* _Required work_
Where the data below shows a picture, leave that picture out and copy the rest exactly.

* _Source material_

_ _ _ _

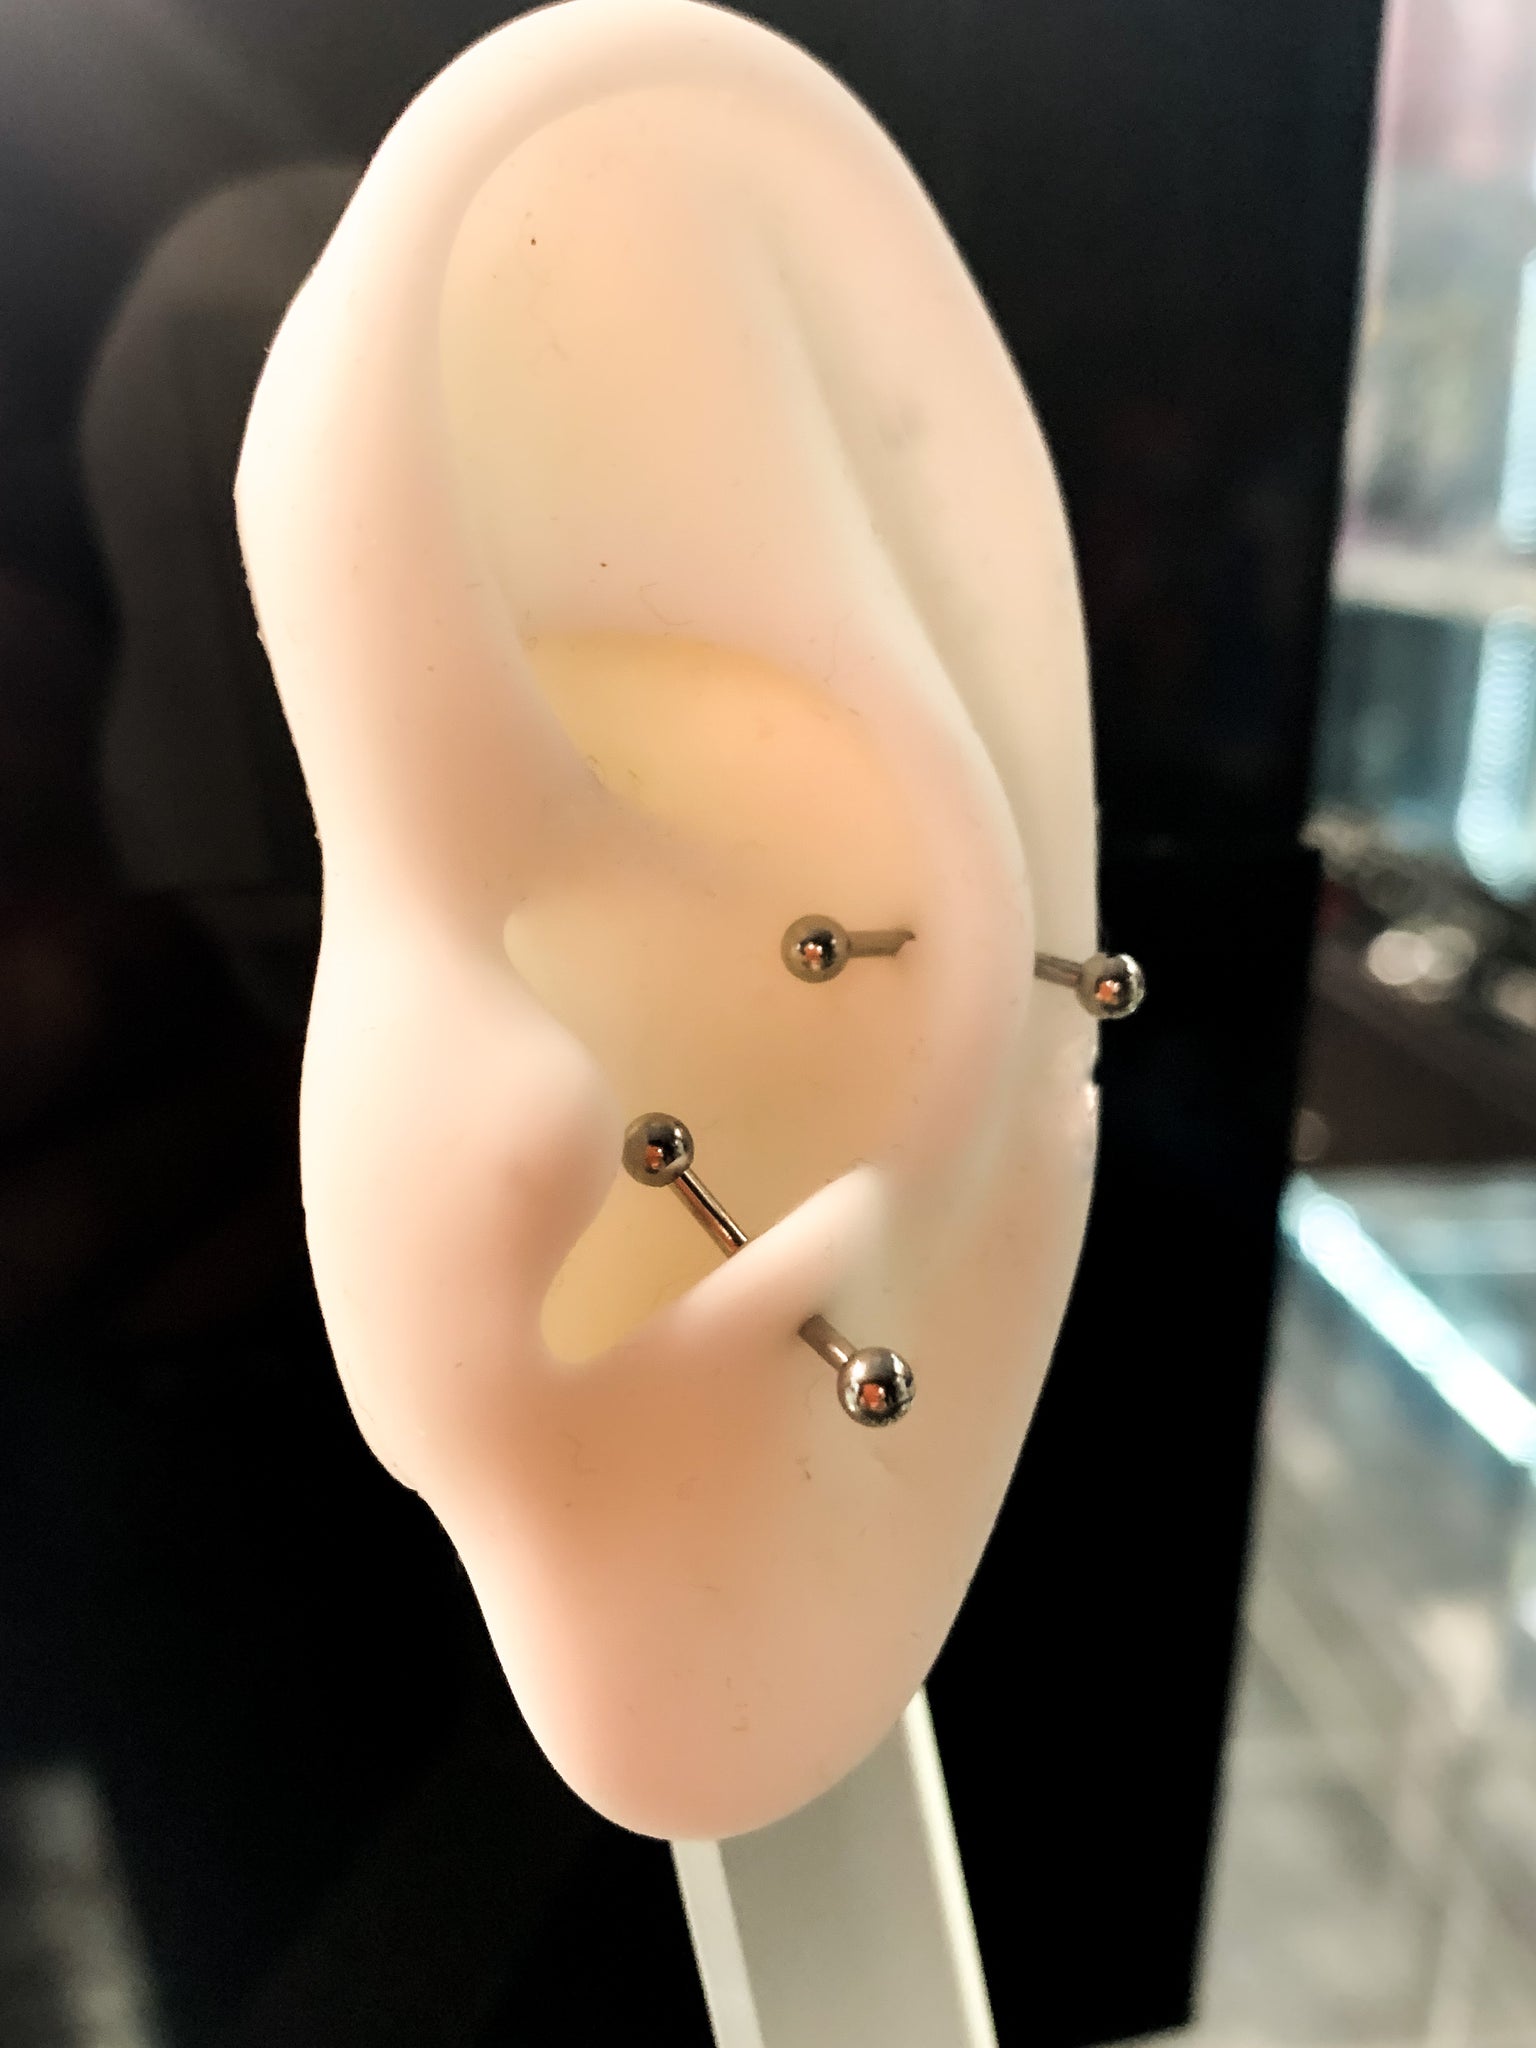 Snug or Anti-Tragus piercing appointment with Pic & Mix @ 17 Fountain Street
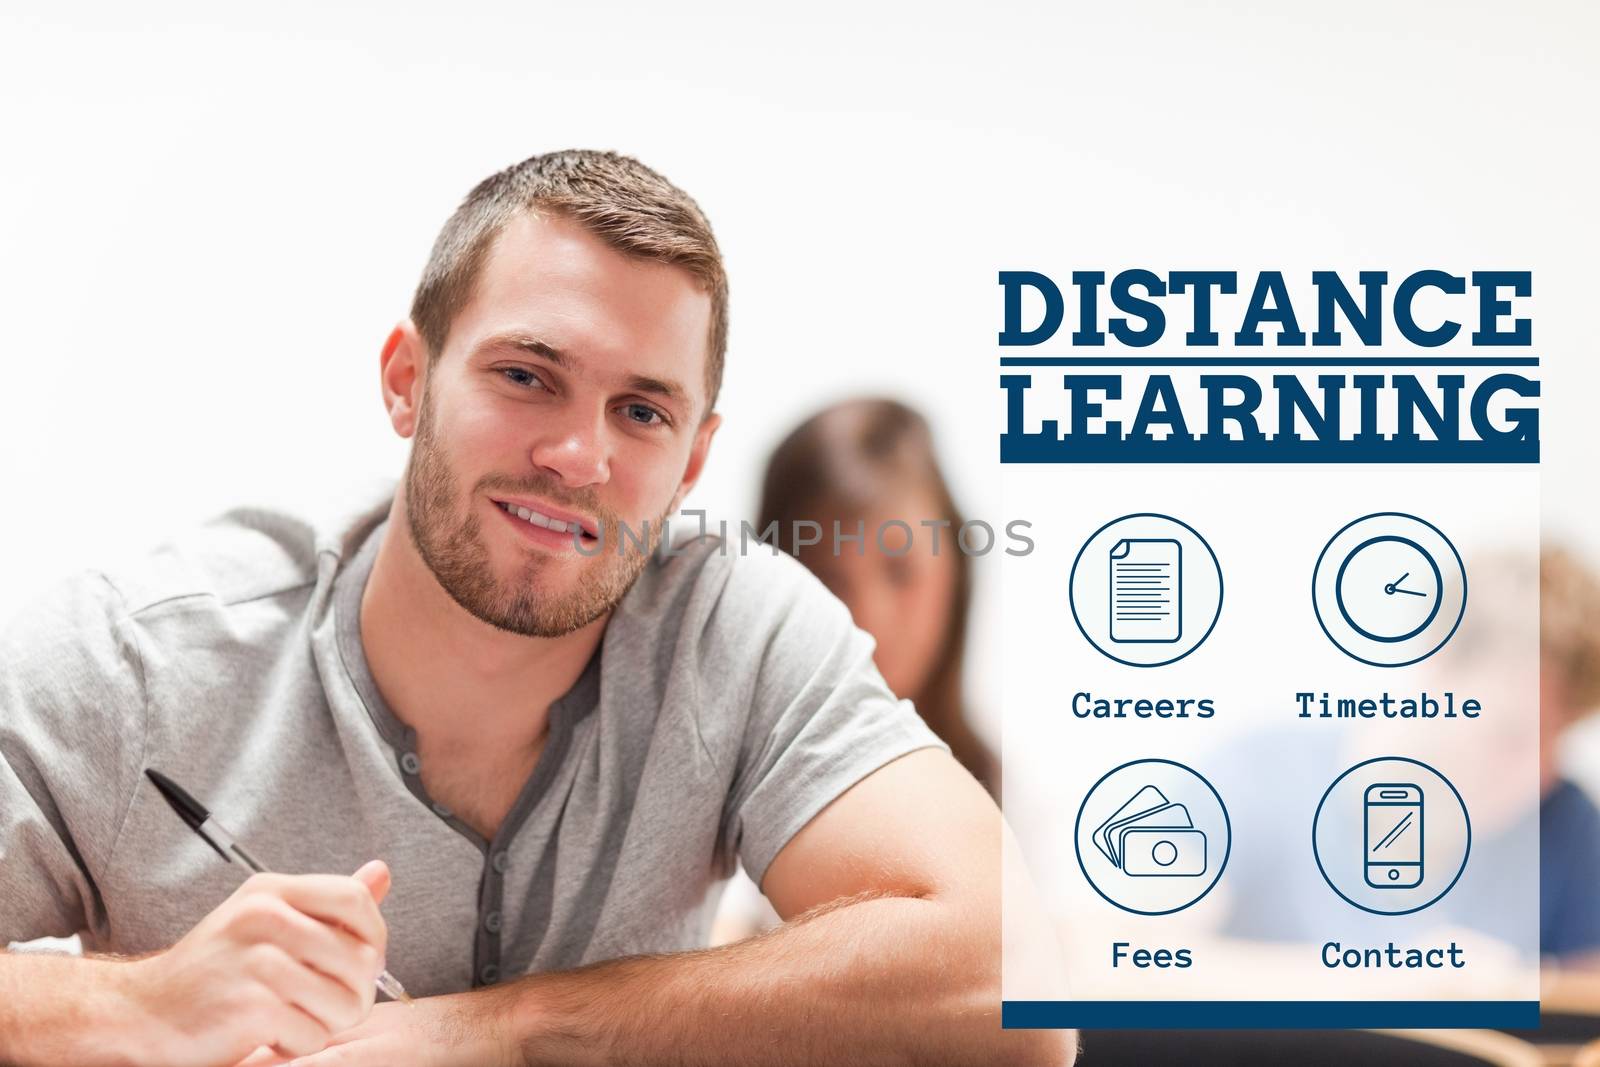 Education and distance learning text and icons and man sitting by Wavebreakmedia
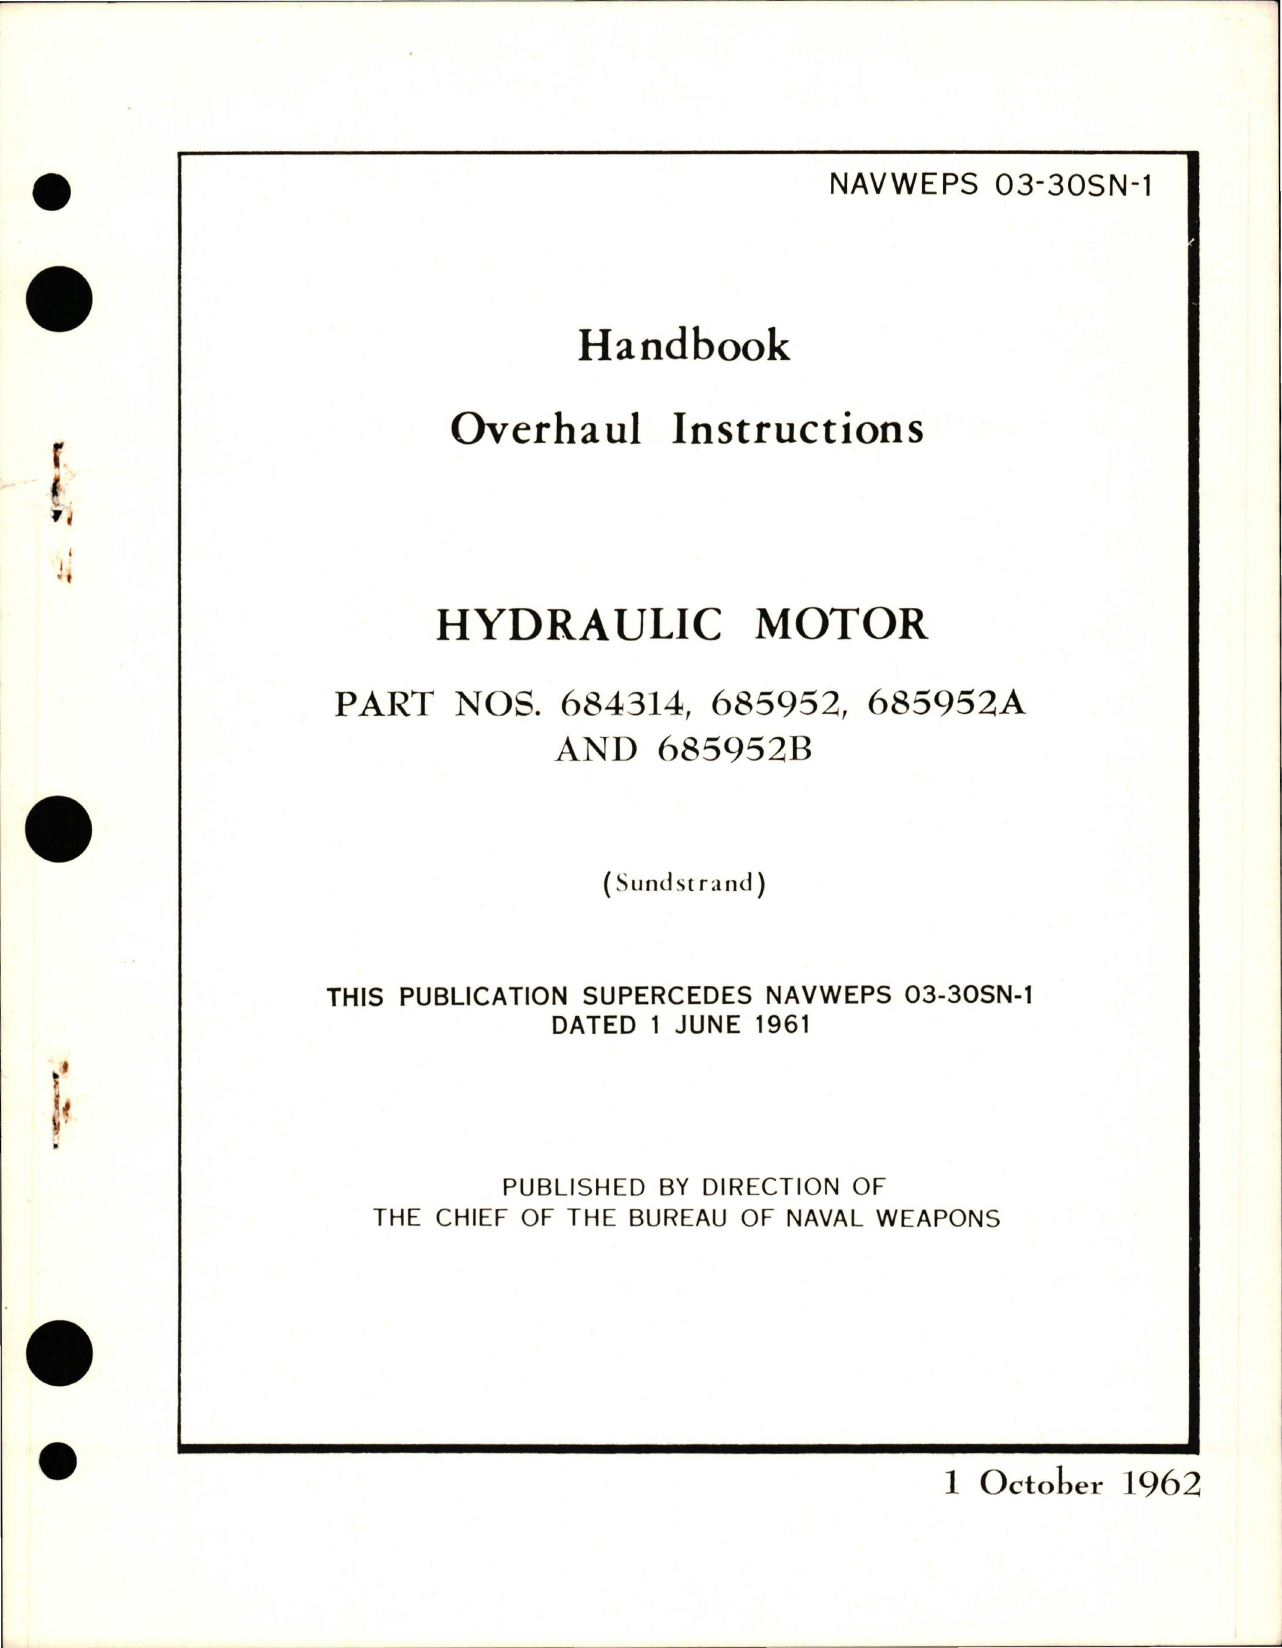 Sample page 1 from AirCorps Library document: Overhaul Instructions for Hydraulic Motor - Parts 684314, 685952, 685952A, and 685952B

_ _ _ _

* _Solution to the exercise_
 Snug or Anti-Tragus piercing appointment with Pic & Mix @ 17 Fountain Street
 Education and distance learning text and icons and man sitting by Wavebreakmedia
 Sample page 1 from AirCorps Library document: Overhaul Instructions for Hydraulic Motor - Parts 684314, 685952, 685952A, and 685952B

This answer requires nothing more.